Would you transcribe the whole listing exactly and drop its images?

■ RECORDED DATA ■
------------------------------------------------------------

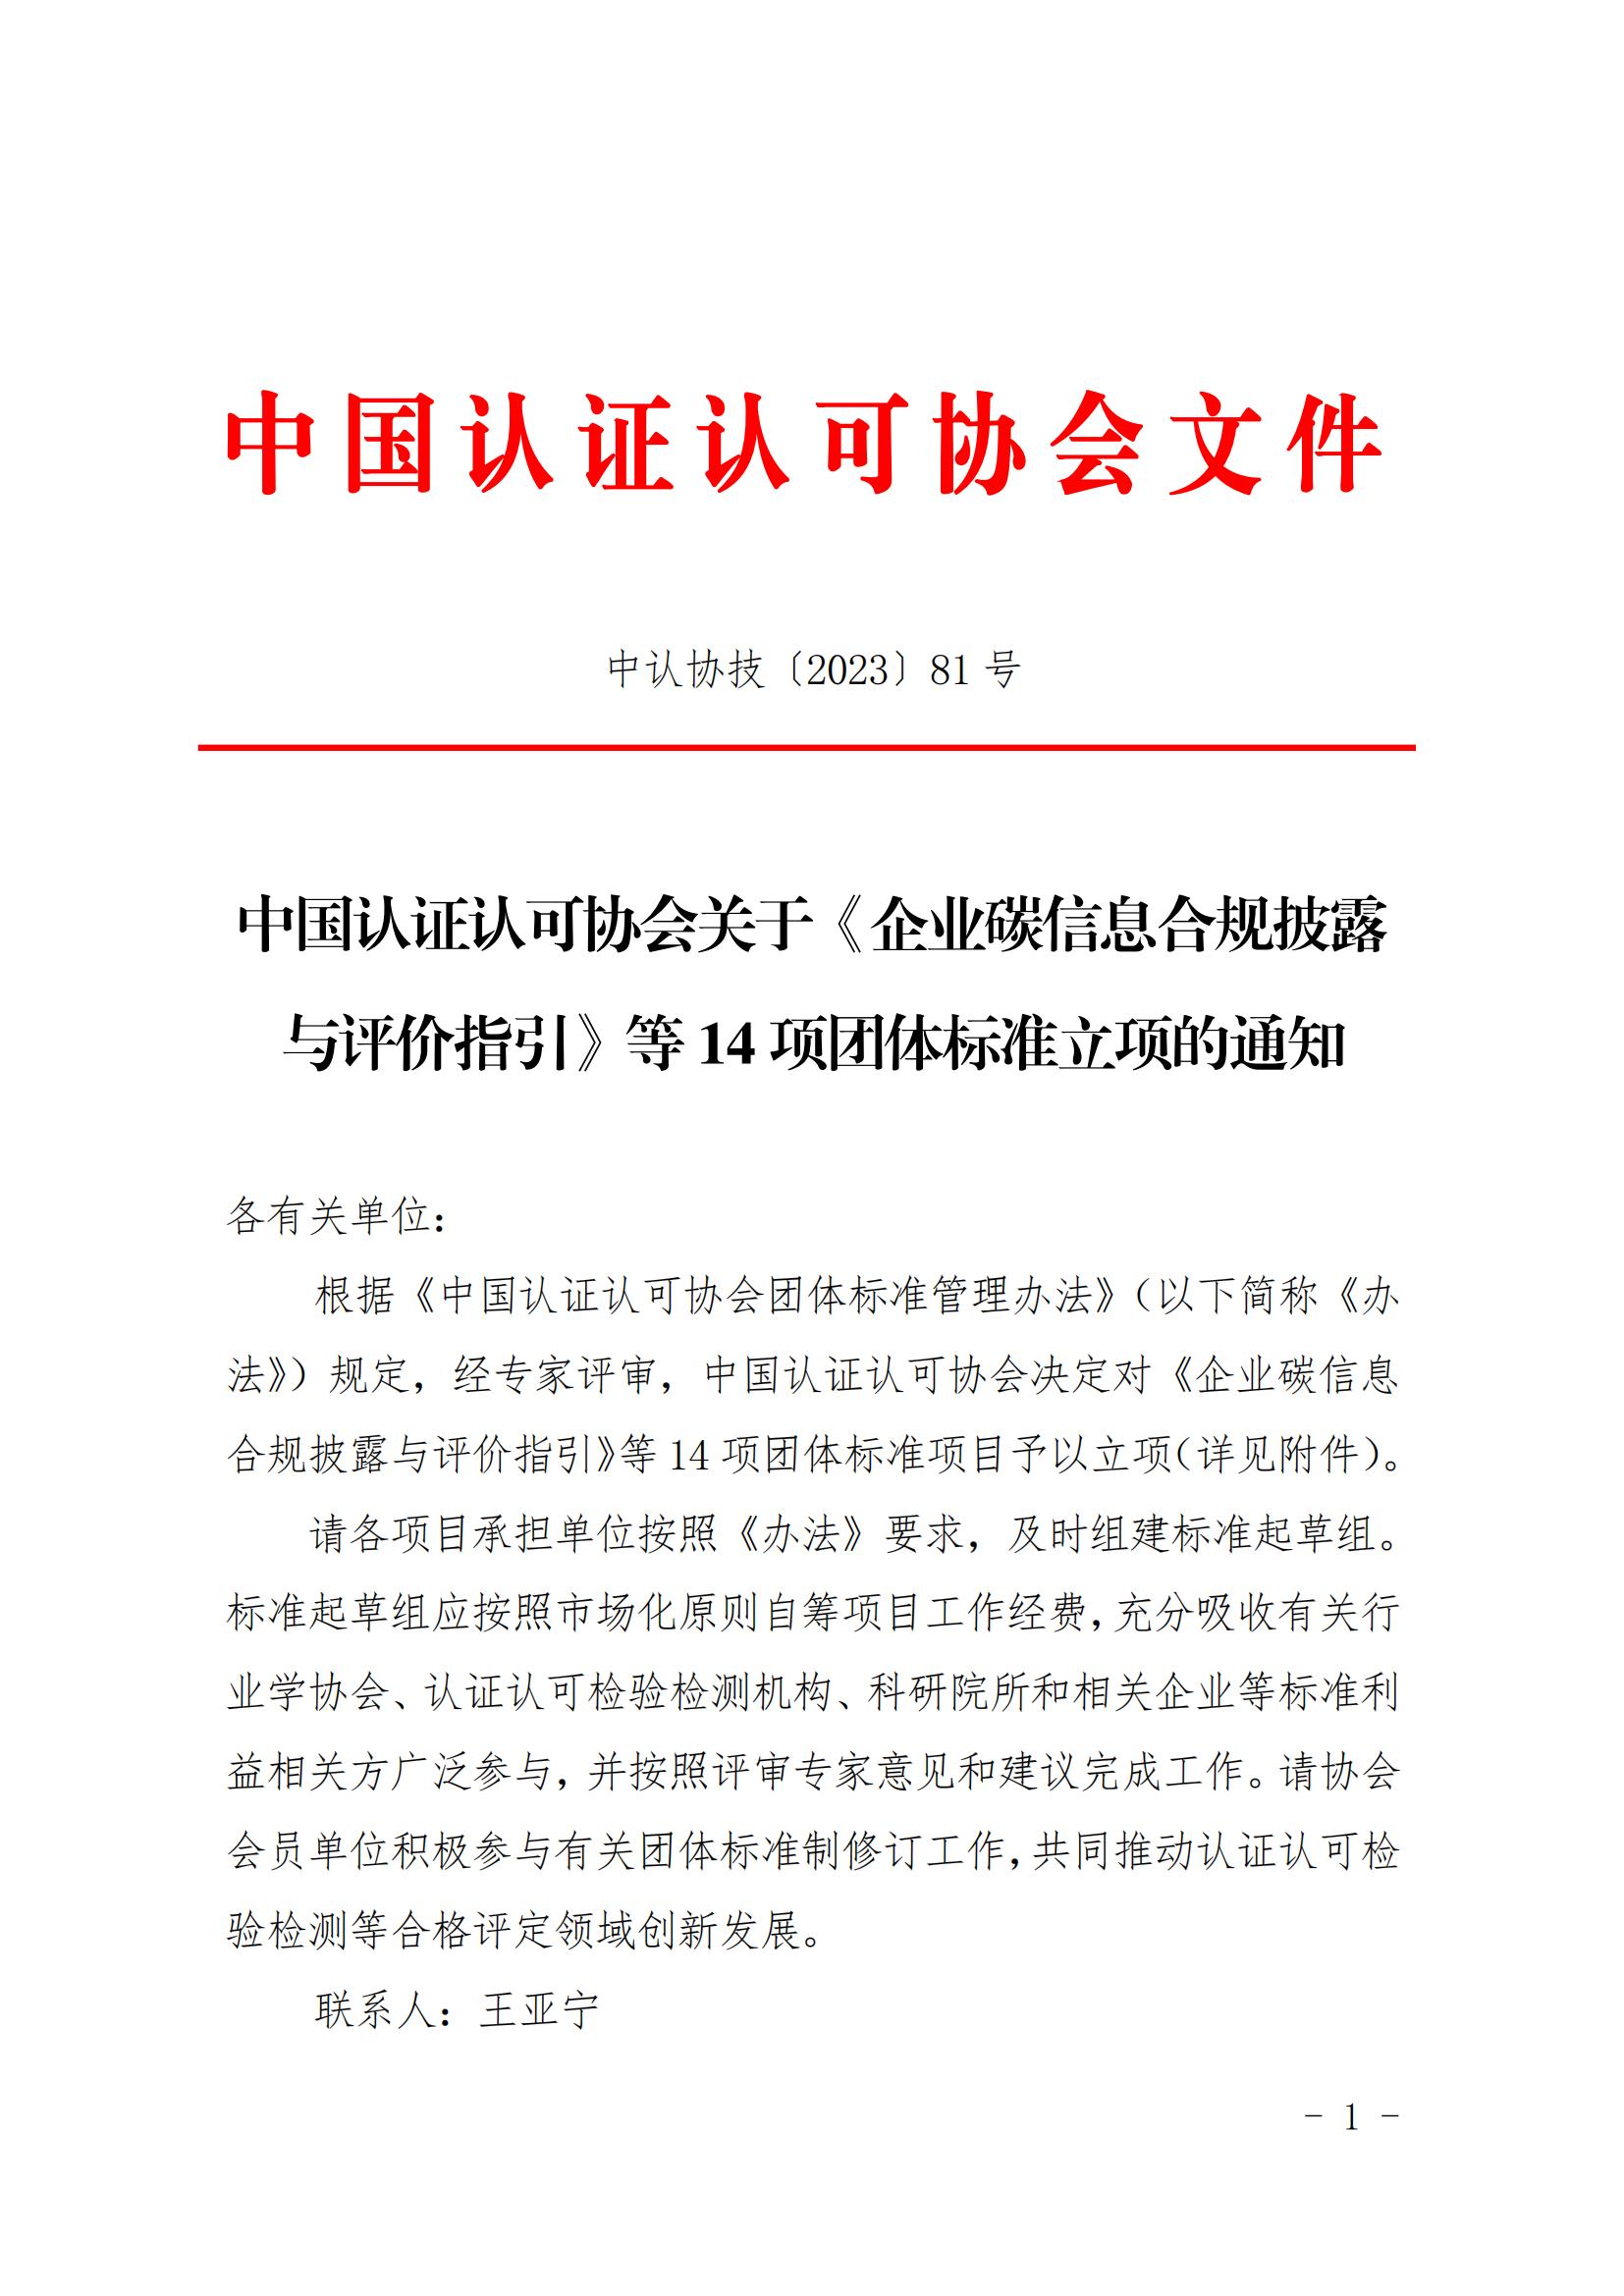 中國認證認可協會團體標準立項的通知_00.jpg
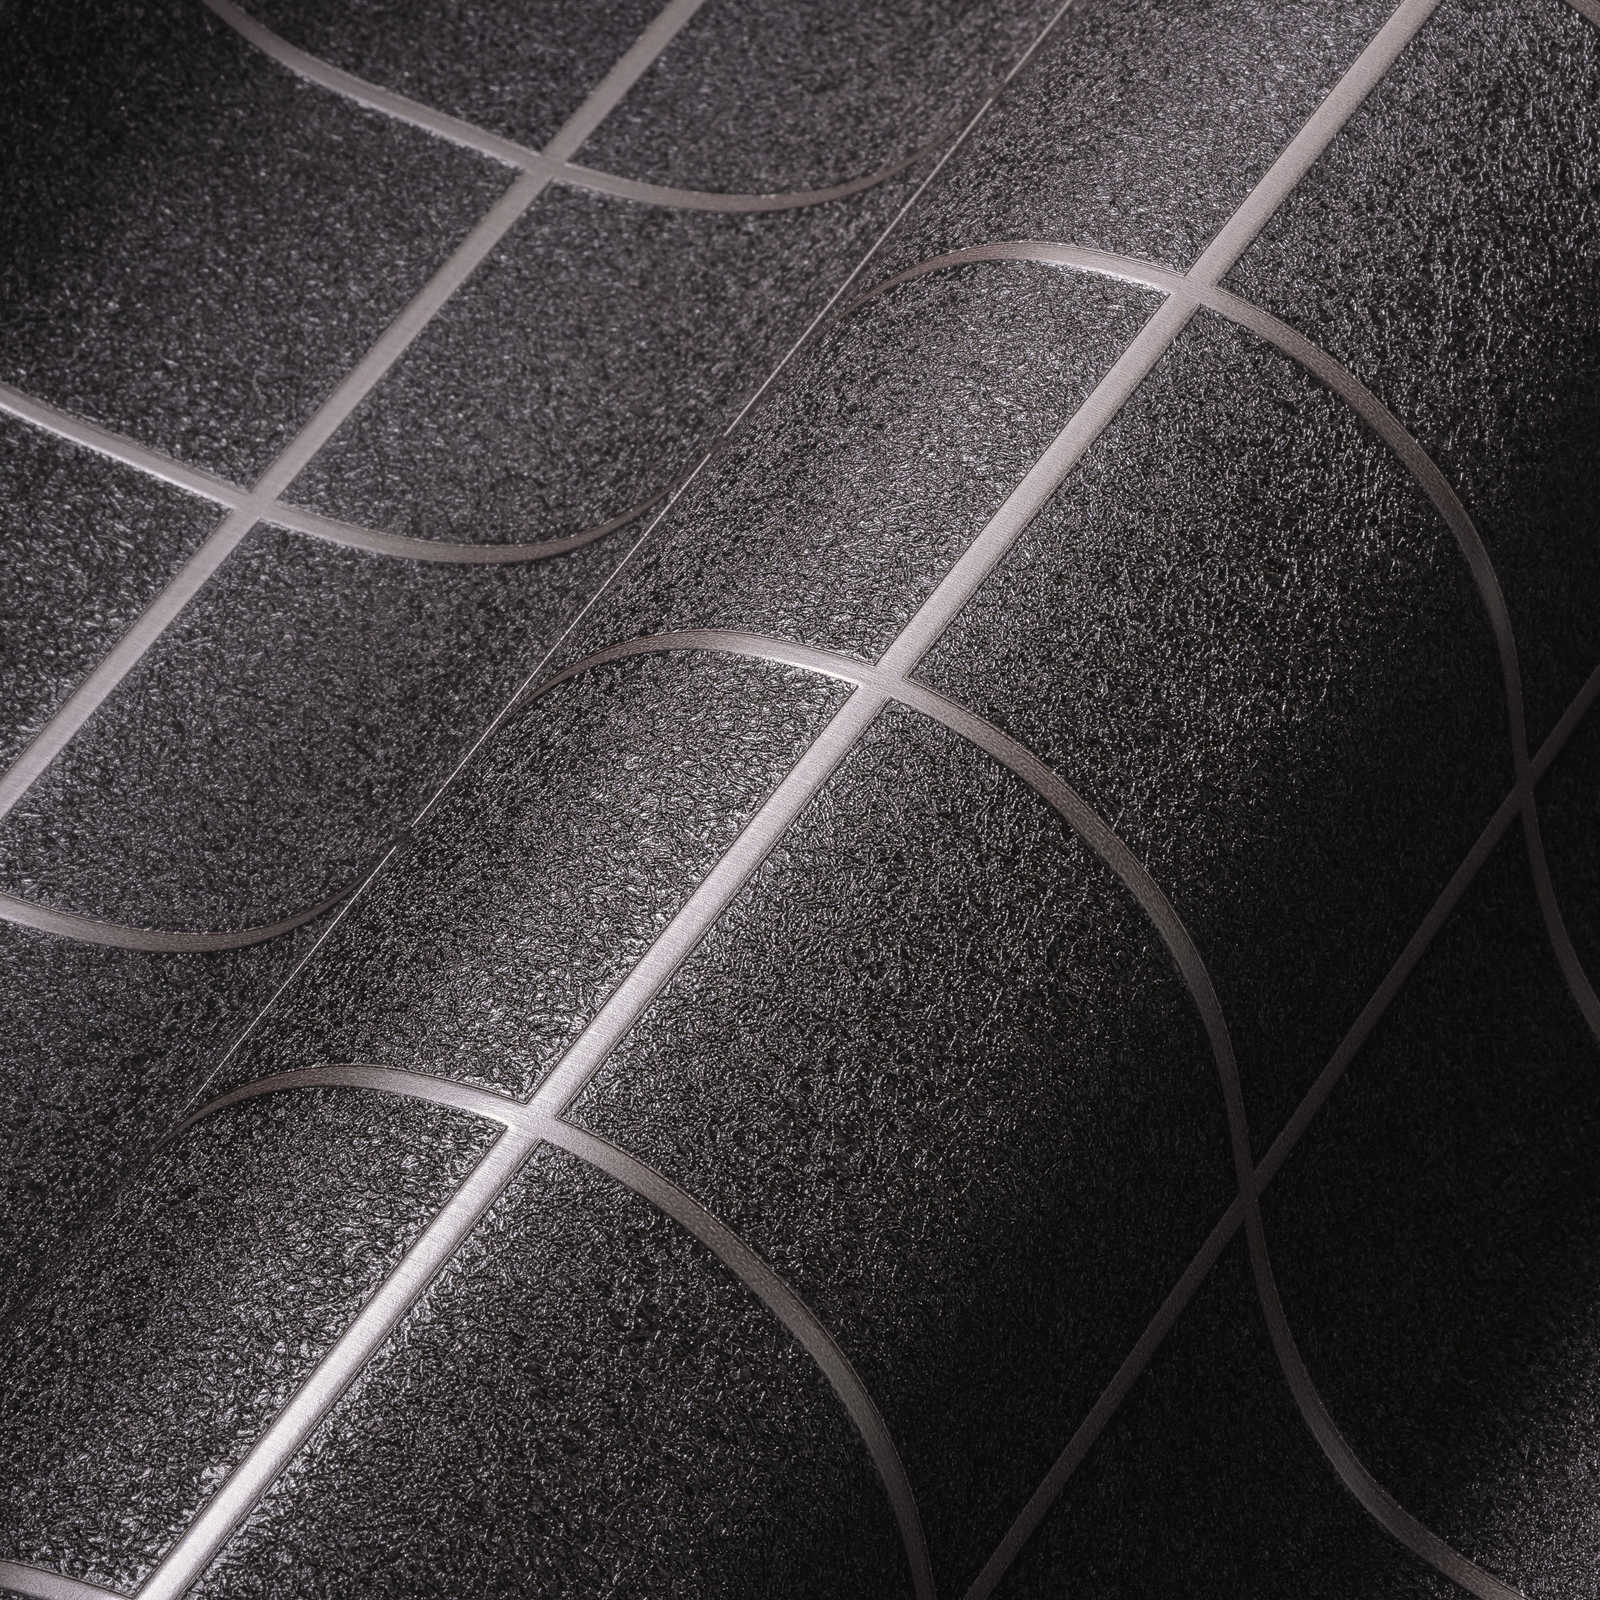             Wallpaper tile pattern with 3D effect, mottled - copper, grey, purple
        
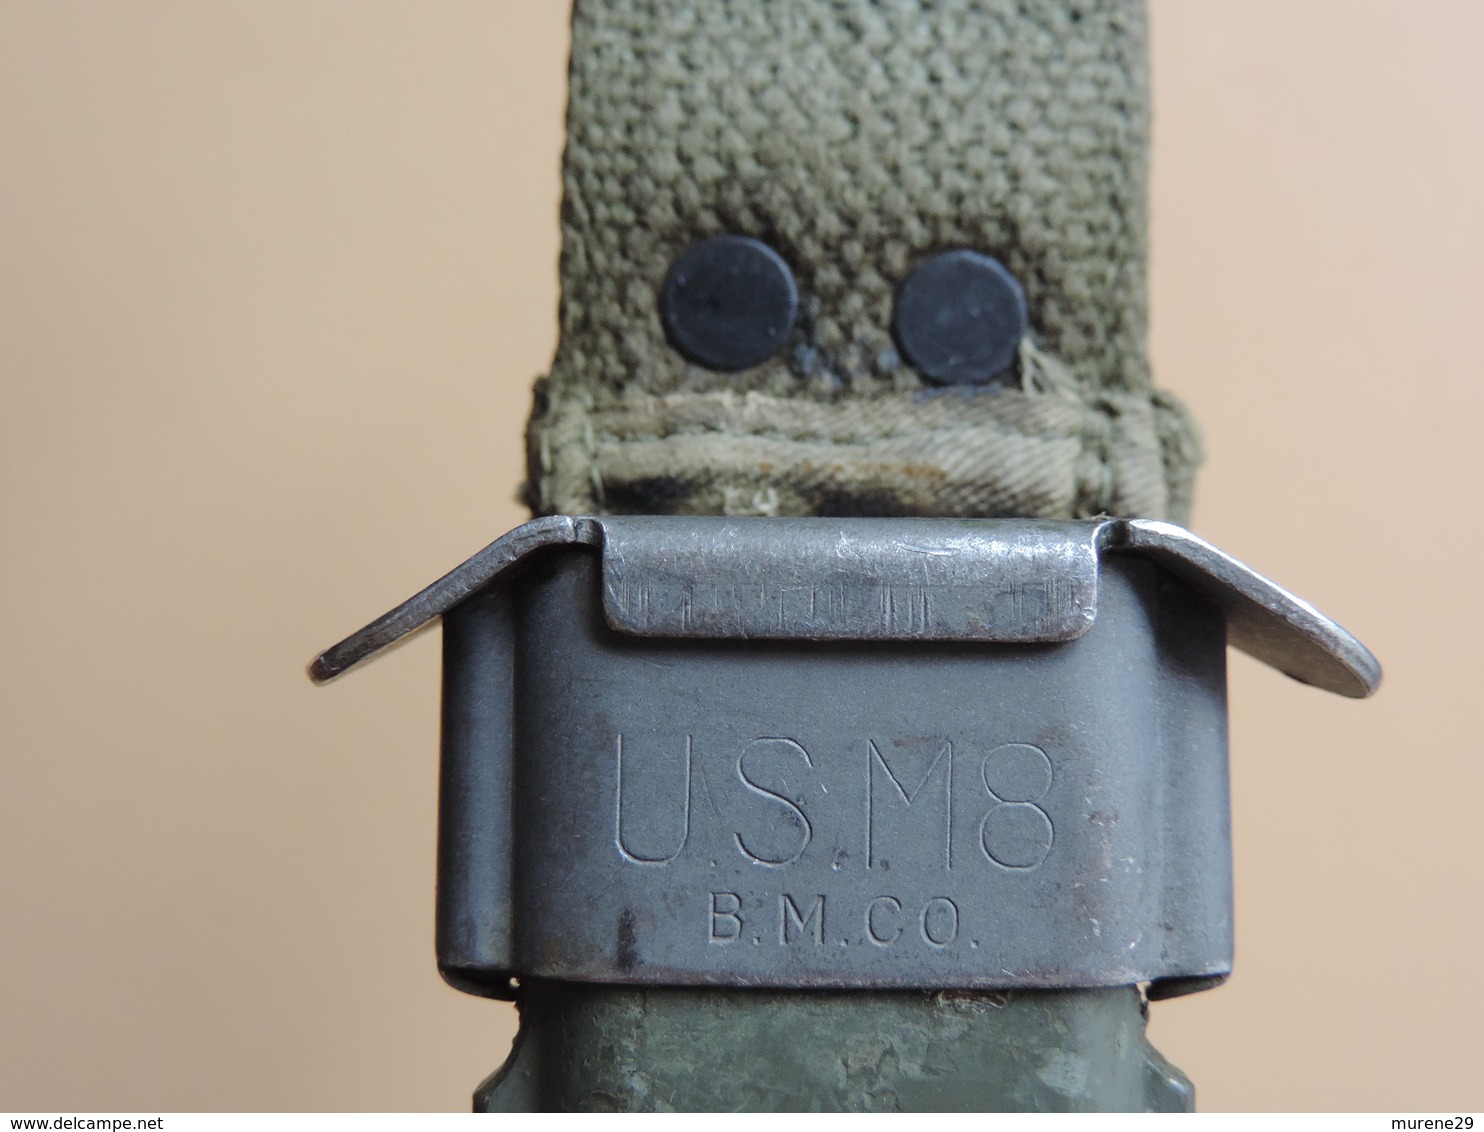 Baïonnette USM4 CASE à poignée caoutchouc, US WW2 et Corée.

------------------------------------------------------------

■ YOUR RESPONSE ■
 中國認證認可協會團體標準立項的通知_00.jpg
             Wallpaper tile pattern with 3D effect, mottled - copper, grey, purple
        
 Baïonnette USM4 CASE à poignée caoutchouc, US WW2 et Corée.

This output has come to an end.